Per fortuna esiste l’astensione. Scelta alla quale spesso magistrati legati da un vincolo di parentela ricorrono per evitare di essere tacciati di favoritismo nel loro lavoro. È successo ad esempio, pochi mesi fa, a Torino: al processo sulla Città della Salute aperto per fare luce sui bilanci della più grande azienda ospedaliera del Piemonte, la prima udienza è stata subito rinviata dalla giudice Giulia Maccari che ha spiegato il motivo: incompatibilità con il pubblico ministero dell’inchiesta, Mario Bendoni, suo ex marito. I due appartengono allo stesso Consiglio giudiziario, organo elettivo e consultivo locale istituito presso ogni Corte d’appello, che supporta il Consiglio Superiore della Magistratura nella gestione dei magistrati sul territorio.

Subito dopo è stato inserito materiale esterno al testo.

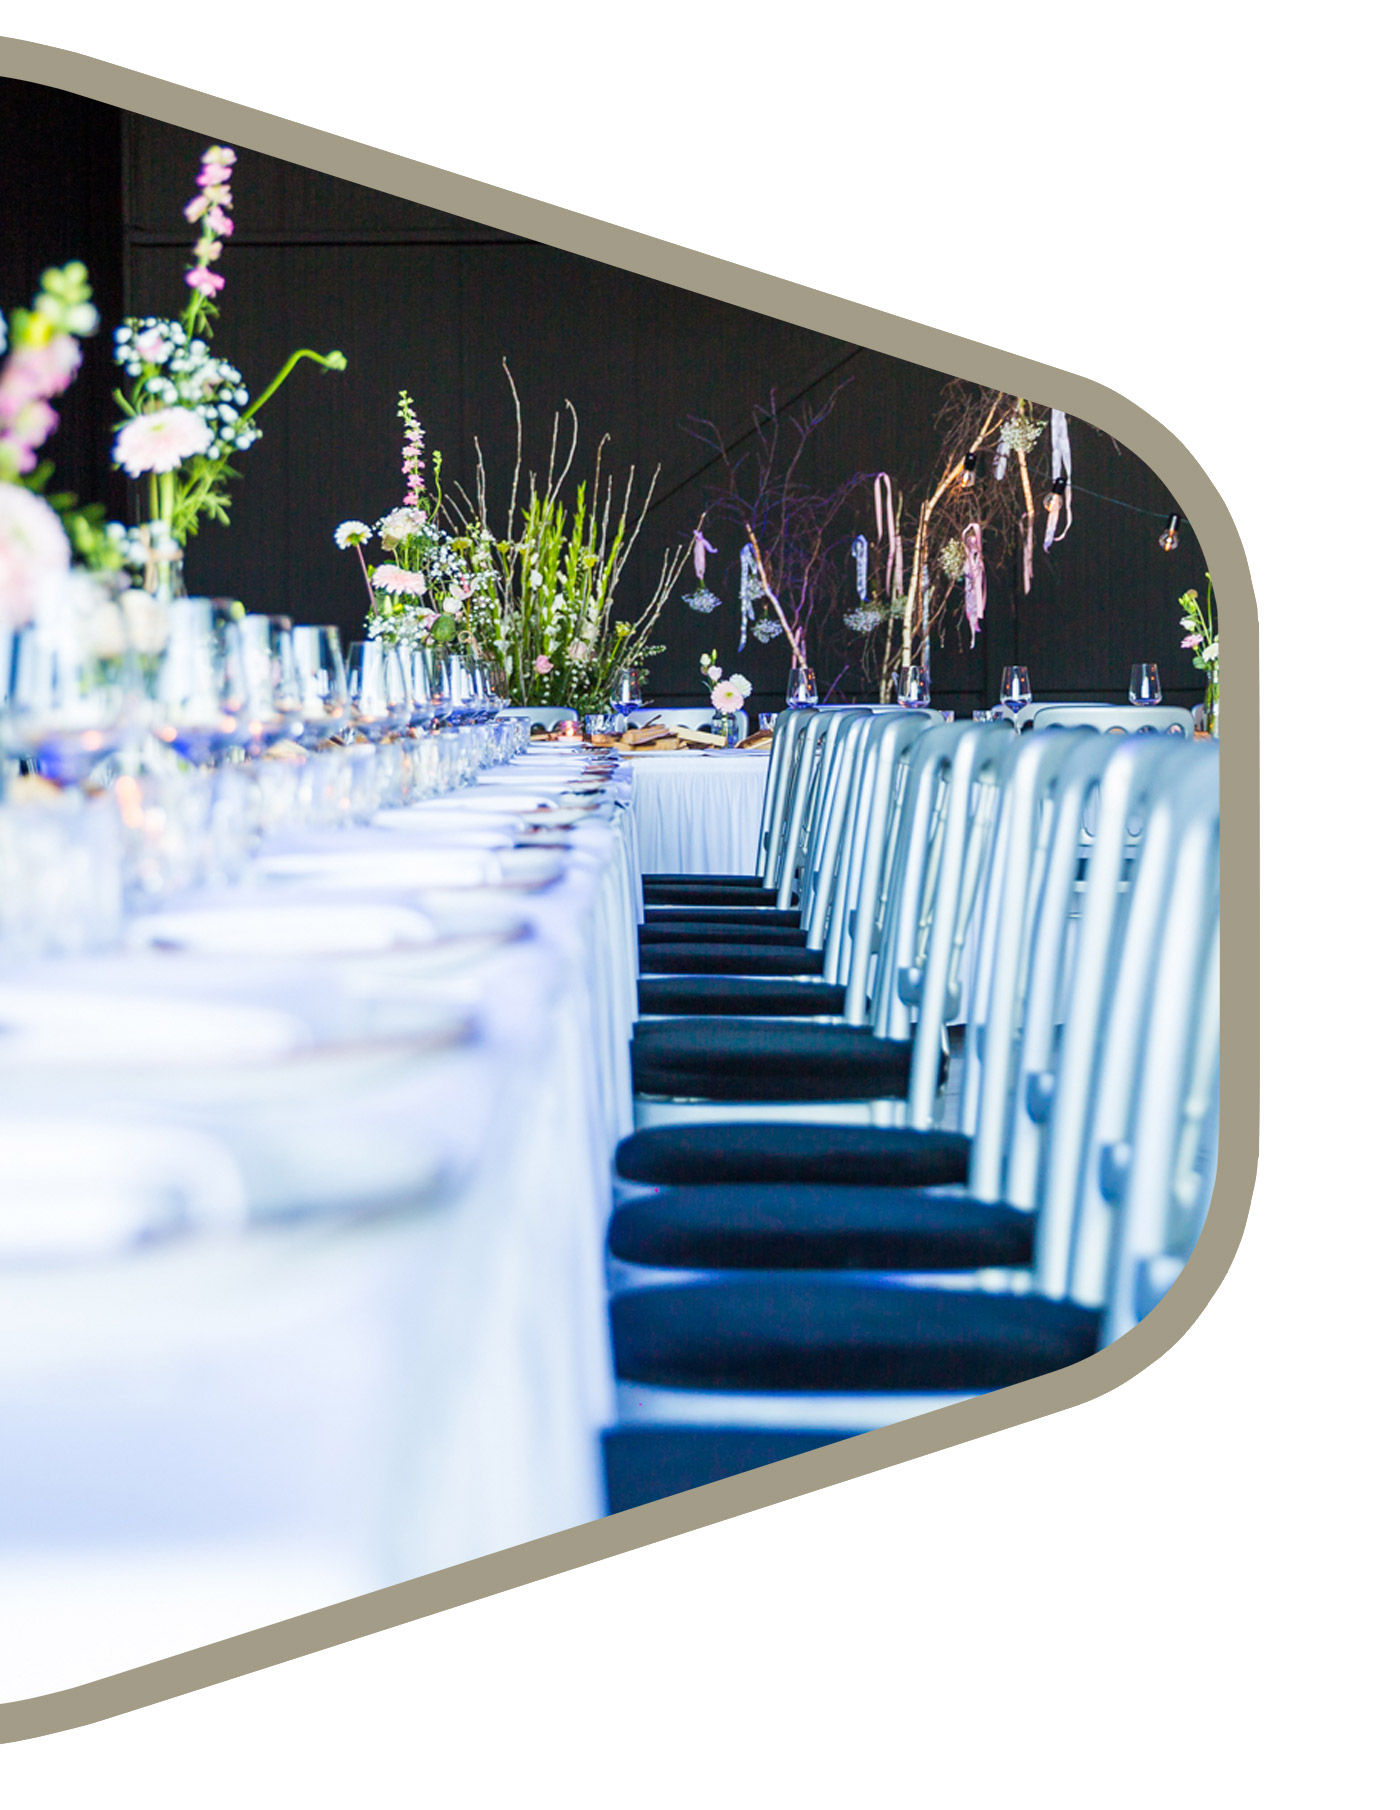 https://dehonneurs.nl/wp-content/uploads/2018/01/de-honneurs-catering-bruiloft-004.jpg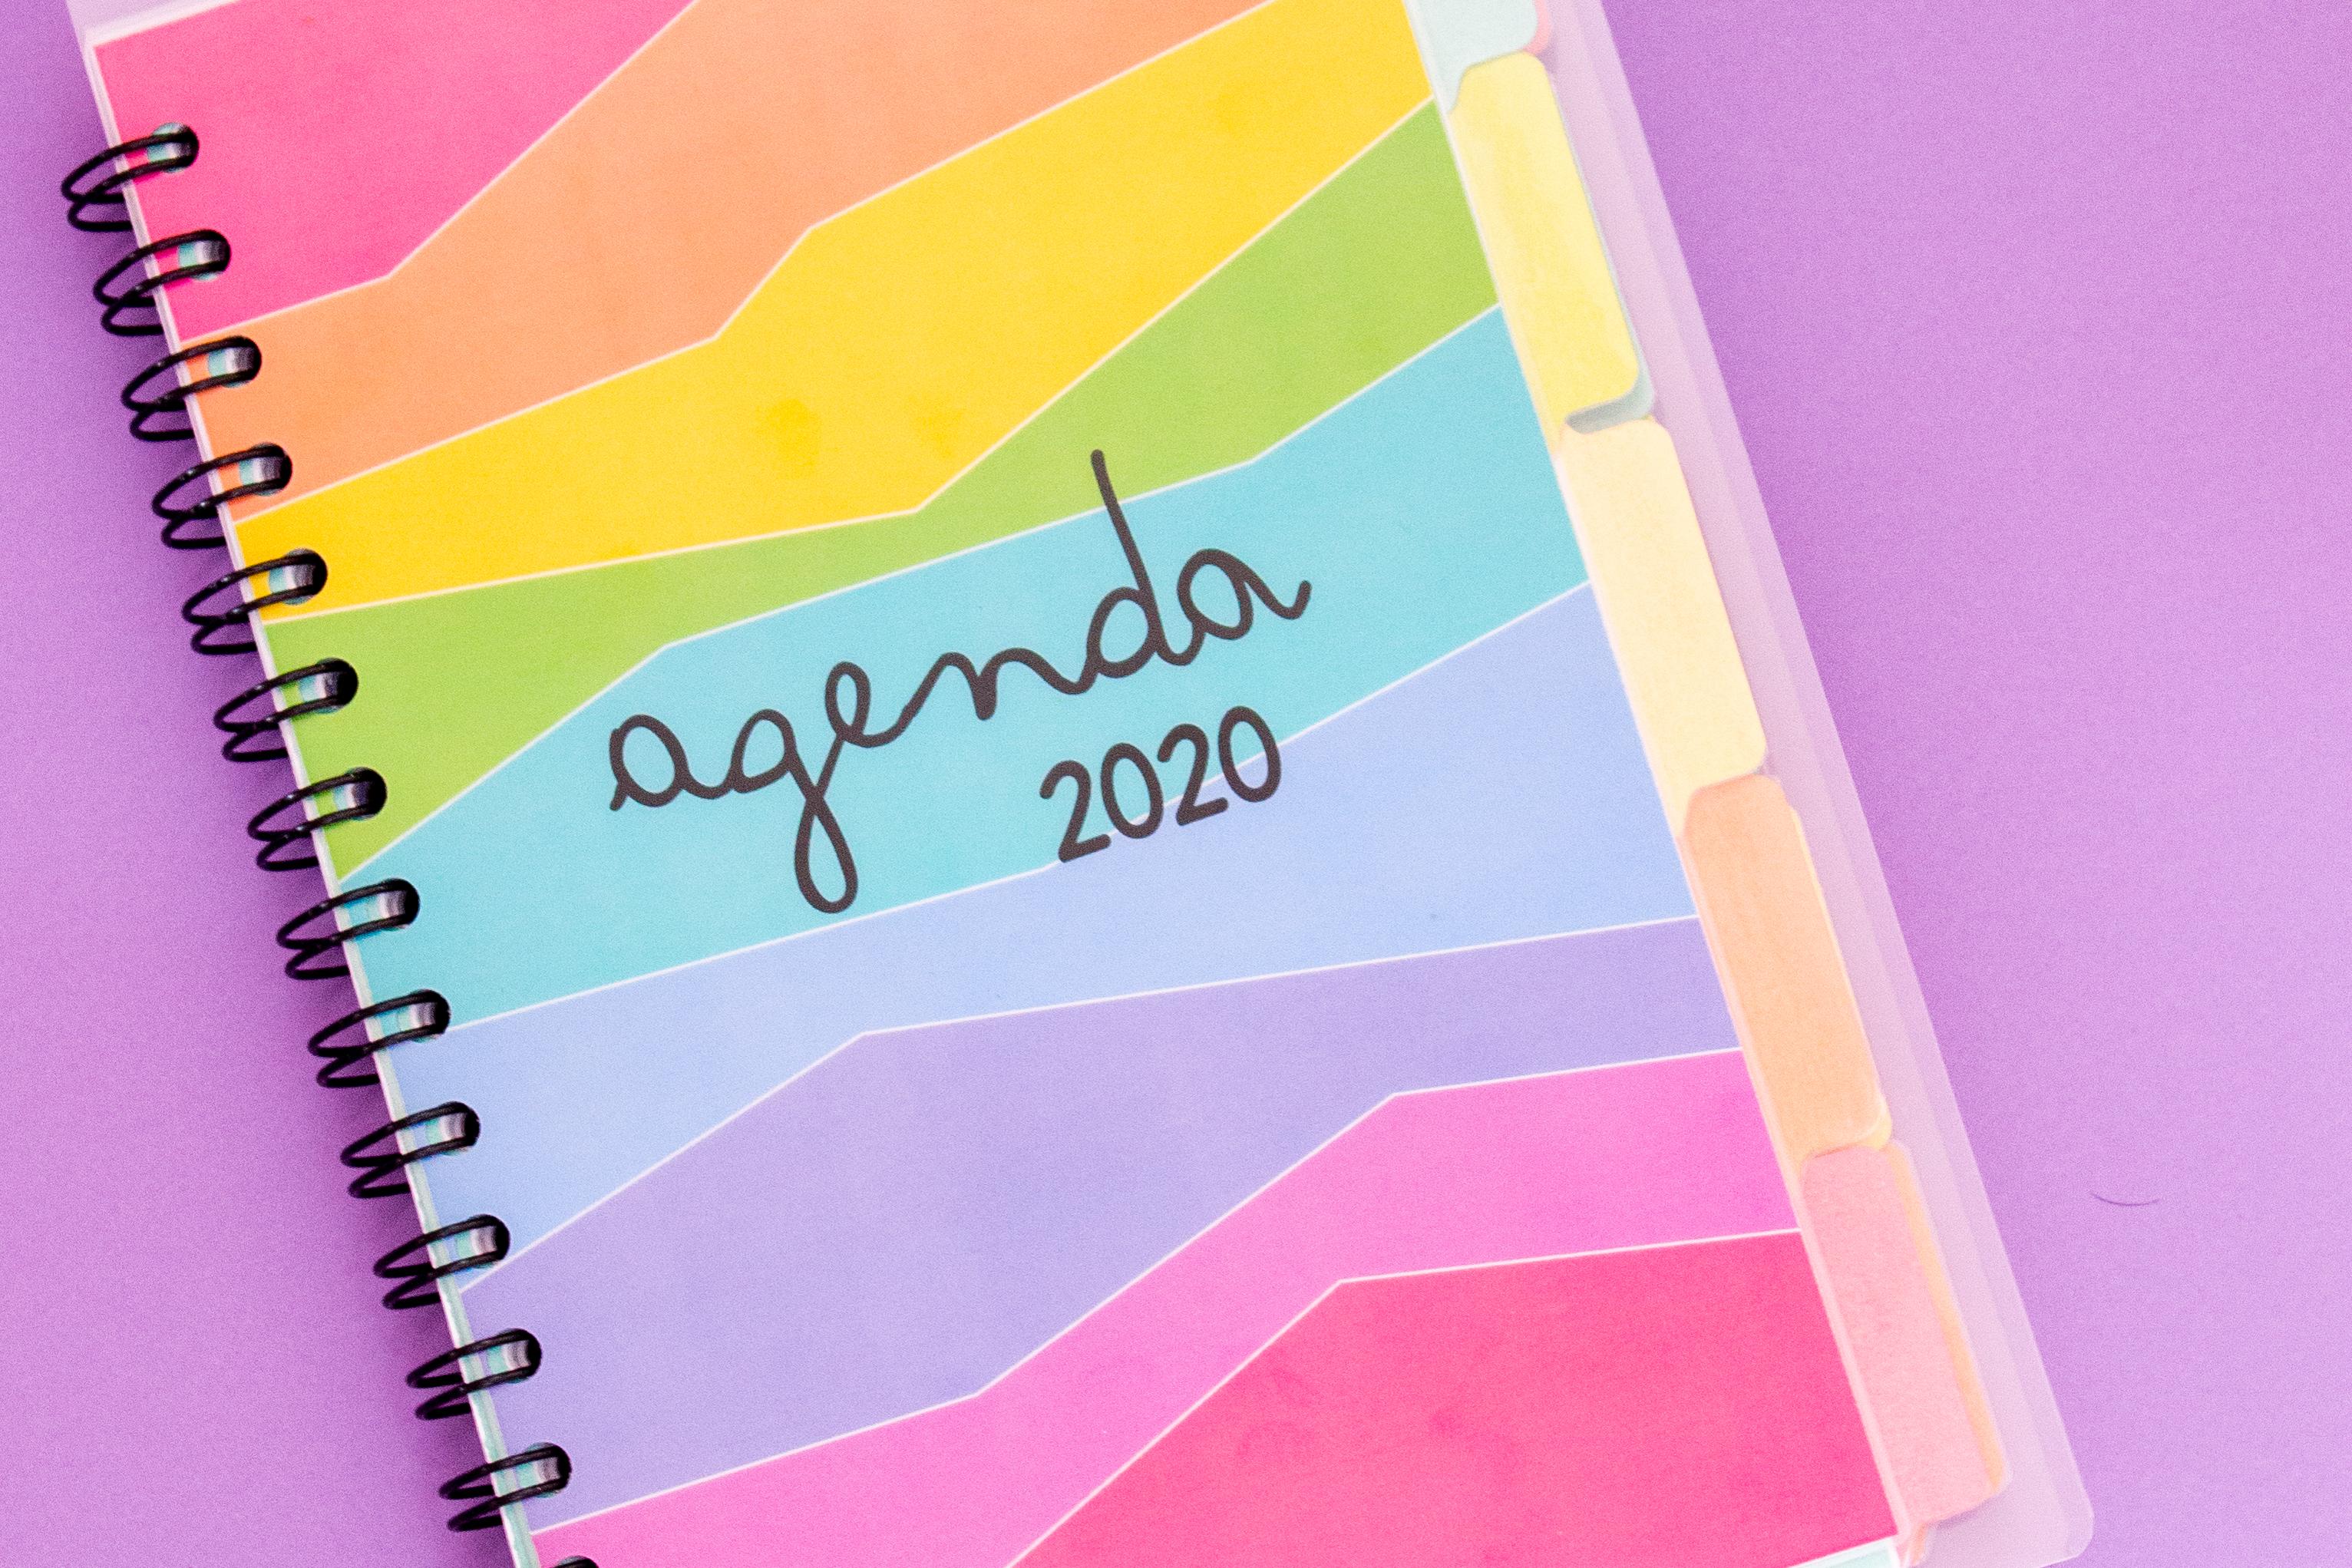 Agenda 2020 Descargala Gratis Sayil Diy

Ma il recente caso del tribunale di Bergamo, sollevato da Ermes Antonucci sulle colonne del Foglio, è qualcosa che va oltre e spiega perché «saltata la separazione delle carriere, si potrebbero almeno separare i magistrati dai loro parenti». Peccato che non sempre ciò avvenga e, soprattutto, che sia lo stesso organo di autogoverno dei magistrati a non accorgersi del problema. È infatti stata proprio la Quinta commissione del Csm, pochi giorni fa, a proporre all’unanimità la nomina di Luca Tringali come presidente della sezione gip/gup del tribunale del capoluogo orobico. Oggi giudice a Brescia, Tringali andrebbe a coordinare l’ufficio dei giudici delle indagini e delle udienze preliminari di Bergamo, quello che decide se l’impianto accusatorio formulato dal pubblico ministero nei confronti di un indagato sia corretto oppure no e se esista l’esigenza di misure cautelari. Manca solo il via libera definitivo del plenum del Csm e poi per Tringali è fatta. Però c’è un dettaglio, che la Quinta commissione sembra avere bypassato: sua moglie è Carmen Santoro, sostituto procuratore a Bergamo.